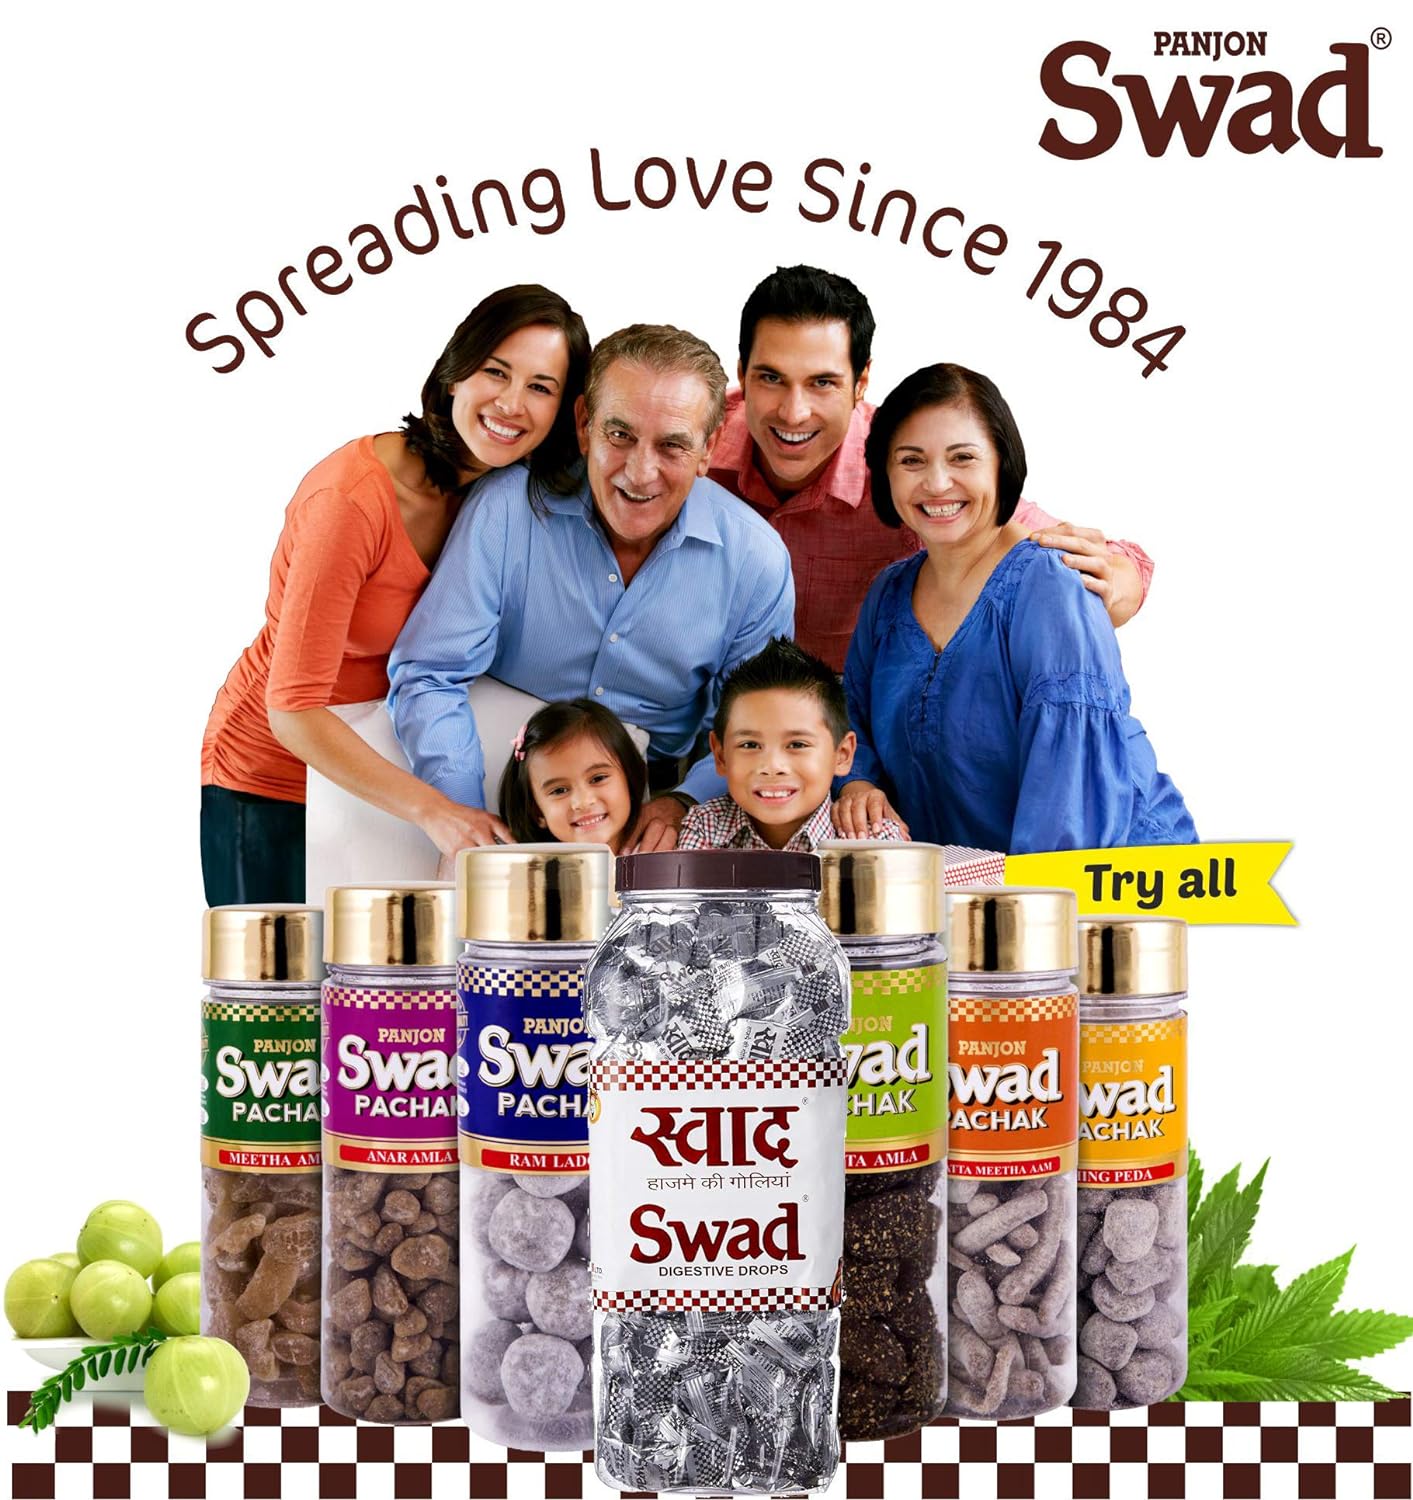 Swad Candy Gift Box (Regular Digestive & Mixed Flavours) 125 Toffee x 2 Box Pack
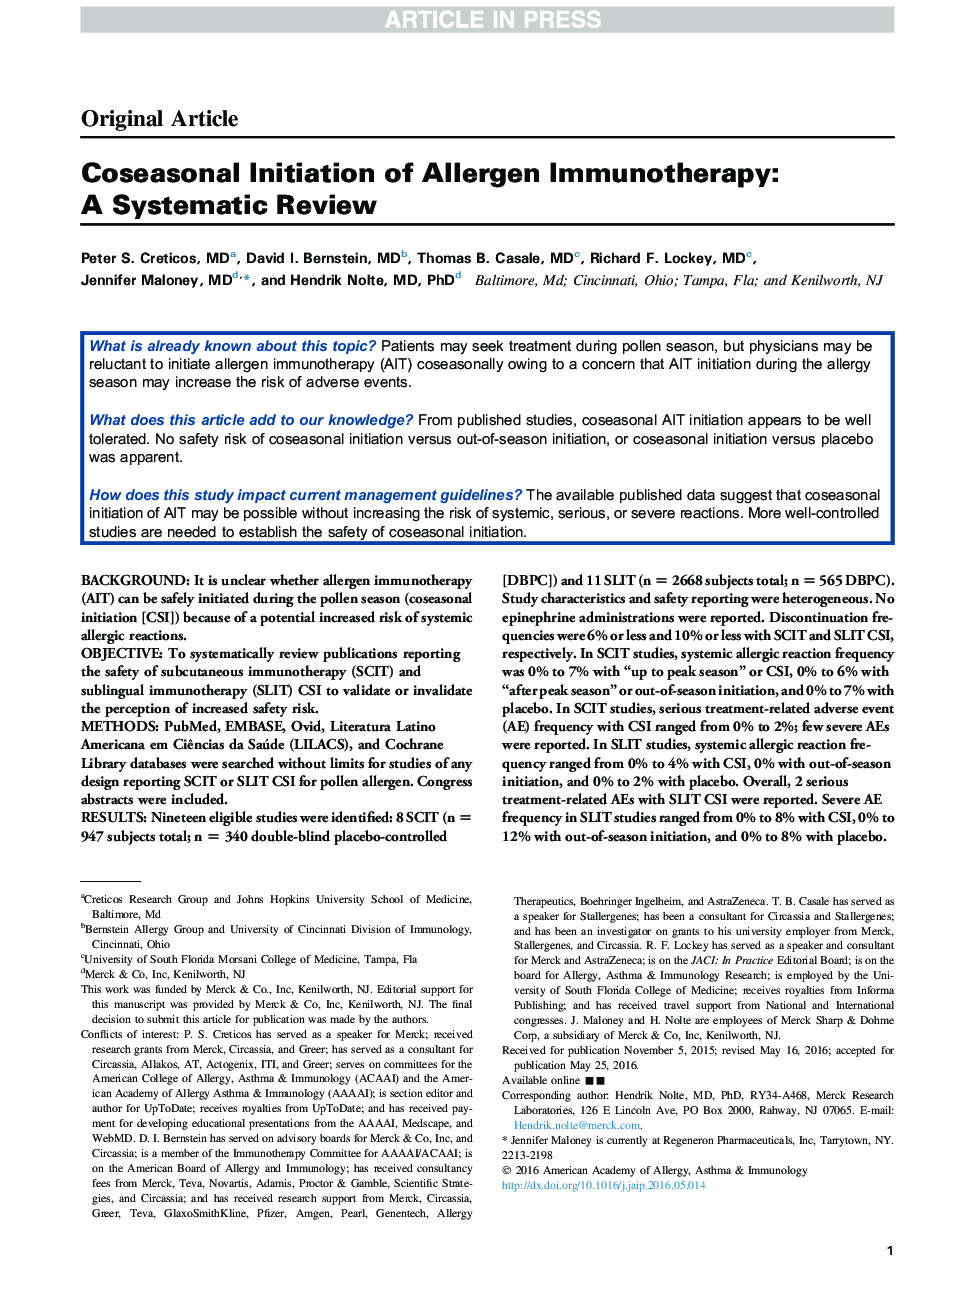 Coseasonal Initiation of Allergen Immunotherapy: A Systematic Review
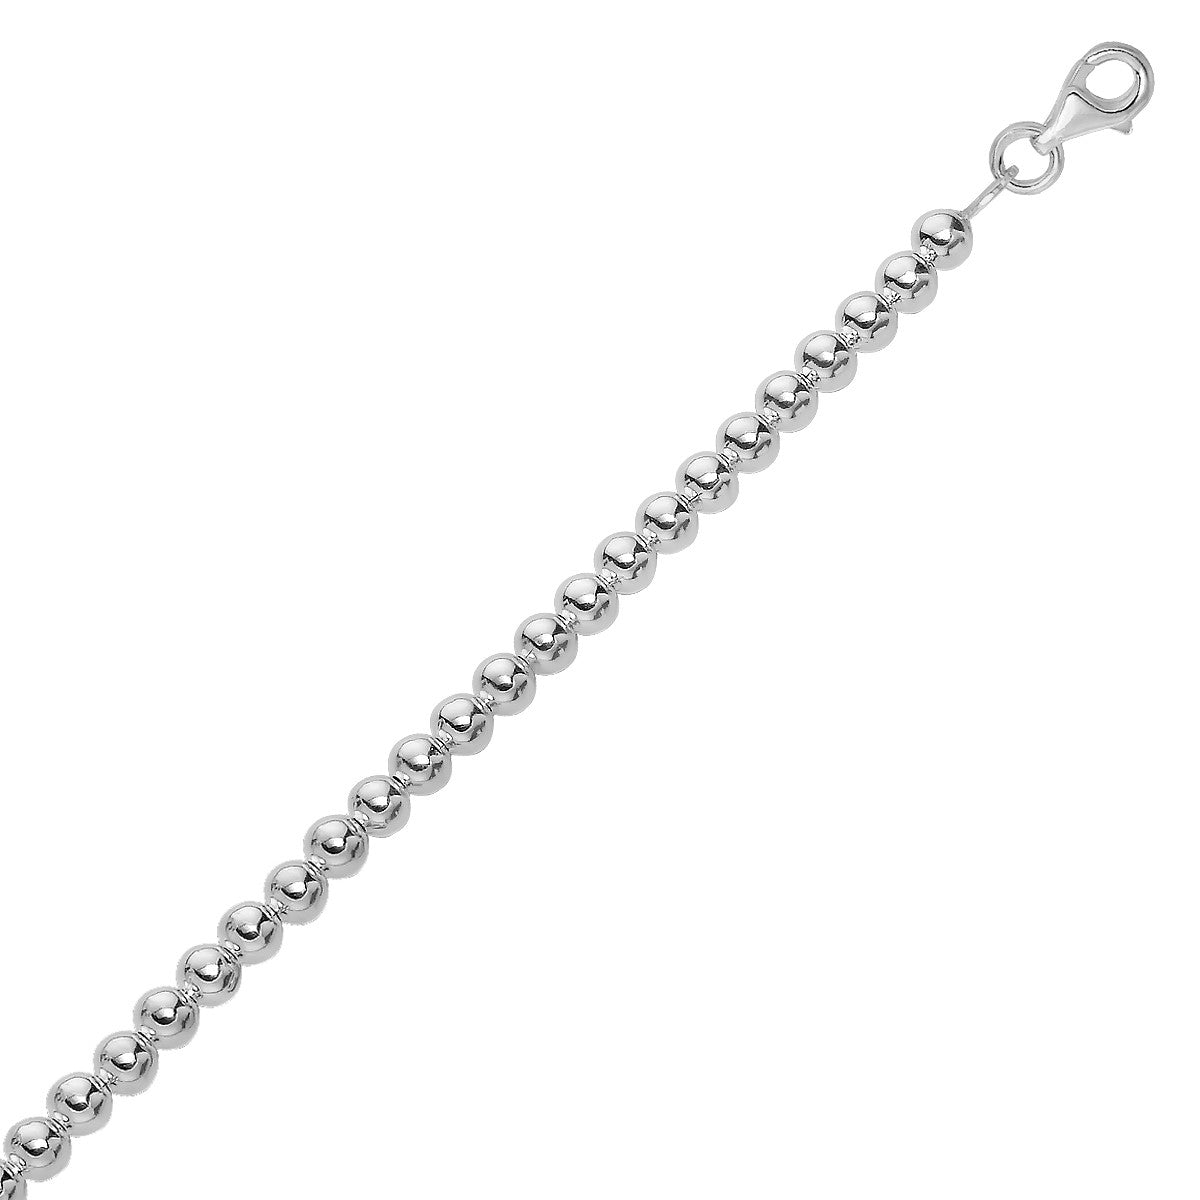 Sterling Silver Rhodium Plated Bracelet with a Polished Bead Motif (8mm)
----
Work required: Return each line of the data, keeping its wording exact and omitting pictures.

Answer area:
 Swad Candy Gift Box (Regular Digestive & Mixed Flavours) 125 Toffee x 2 Box Pack
 Coseasonal Initiation of Allergen Immunotherapy: A Systematic Review
 Sterling Silver Rhodium Plated Bracelet with a Polished Bead Motif (8mm)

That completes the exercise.